Any picture in the range stays out of the copy; retype exactly the lines from the one with "Женские наручные кварцевые" to the end of the listing.

* _RECORDED DATA_:
Segment Open
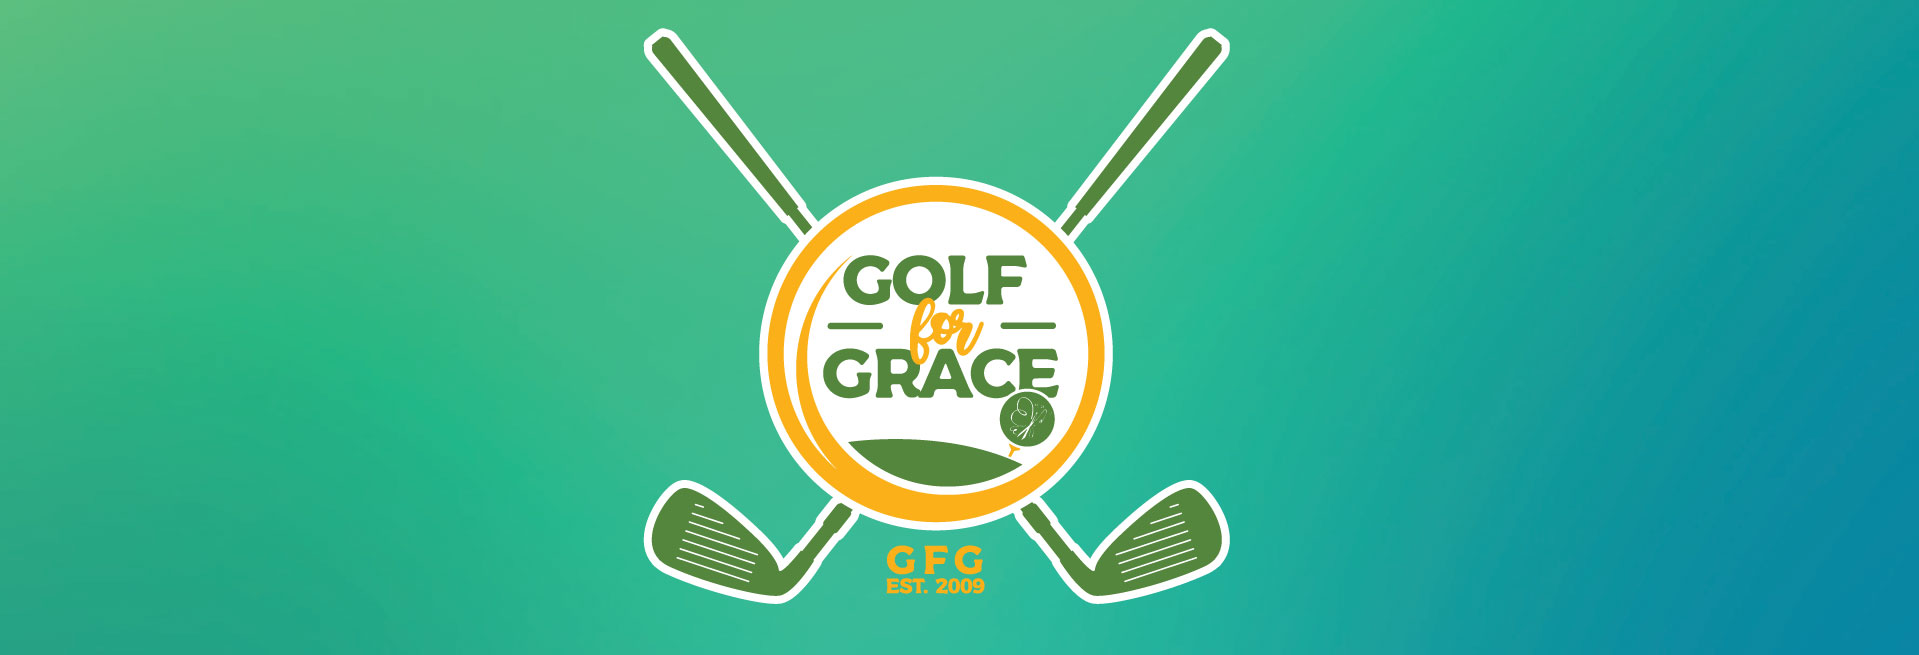 golf for grace
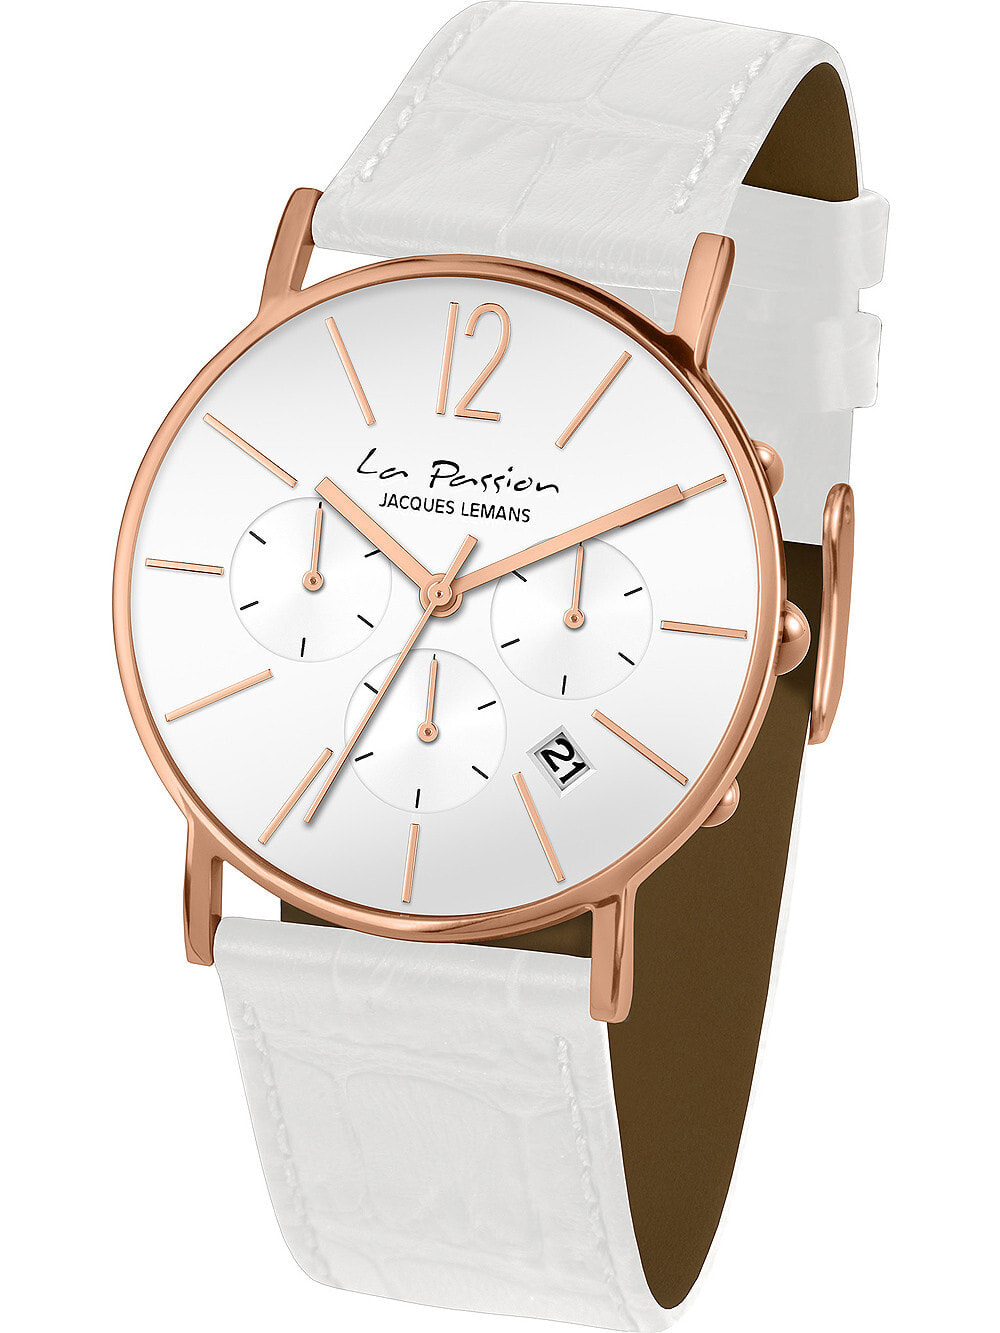 Женские наручные кварцевые часы Jacques Lemans кожаный ремешок, хронограф.
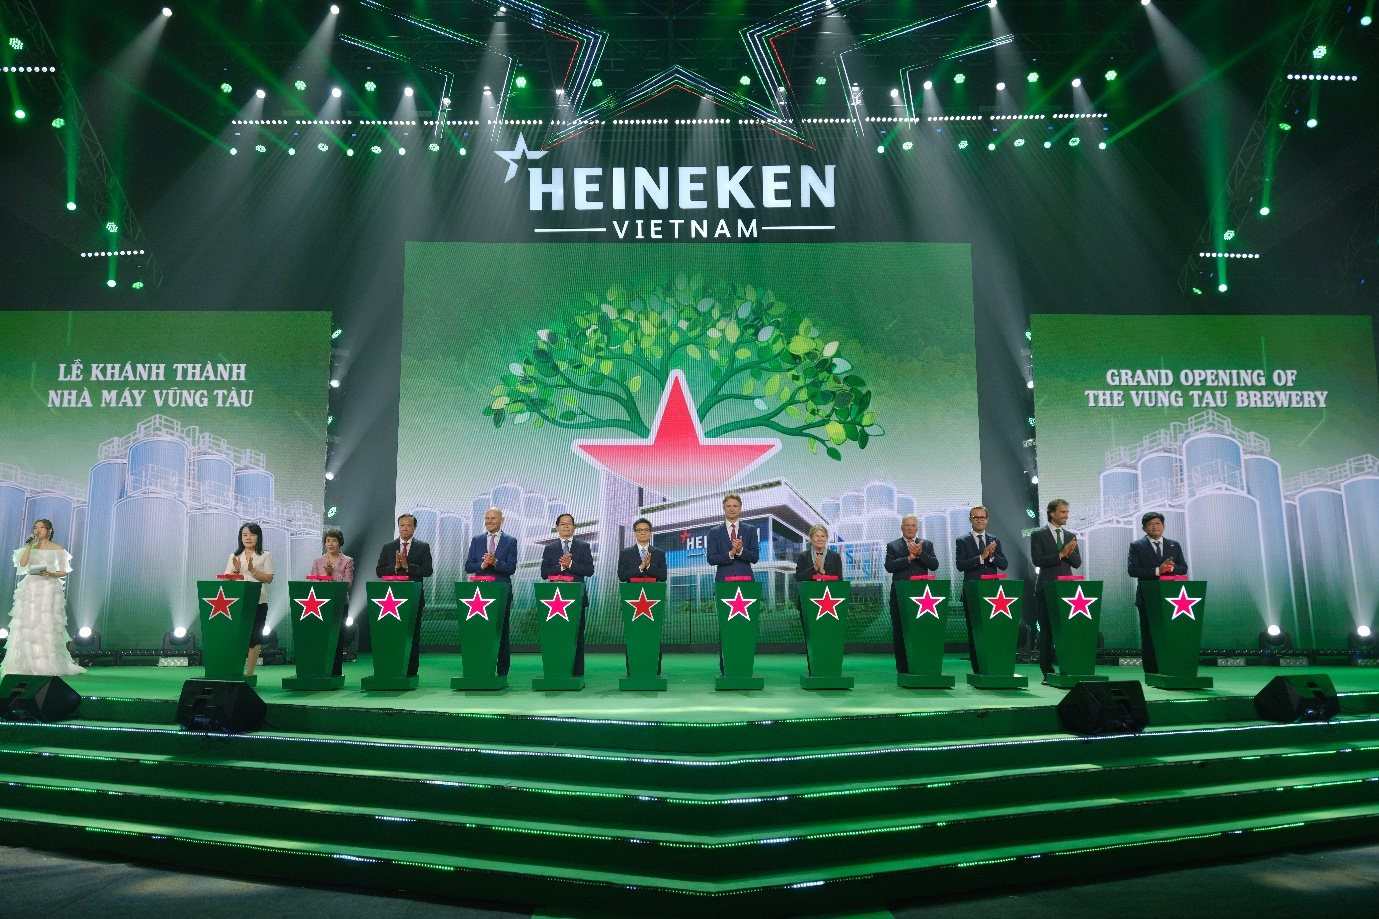 Mặc cho thị trường giảm tốc, HEINEKEN Việt Nam vẫn lập đỉnh doanh thu tỷ USD
Segment Closed
* _RESPONSE FOR THIS EXERCISE_:
 Женские наручные кварцевые часы Jacques Lemans кожаный ремешок, хронограф.
 Mặc cho thị trường giảm tốc, HEINEKEN Việt Nam vẫn lập đỉnh doanh thu tỷ USD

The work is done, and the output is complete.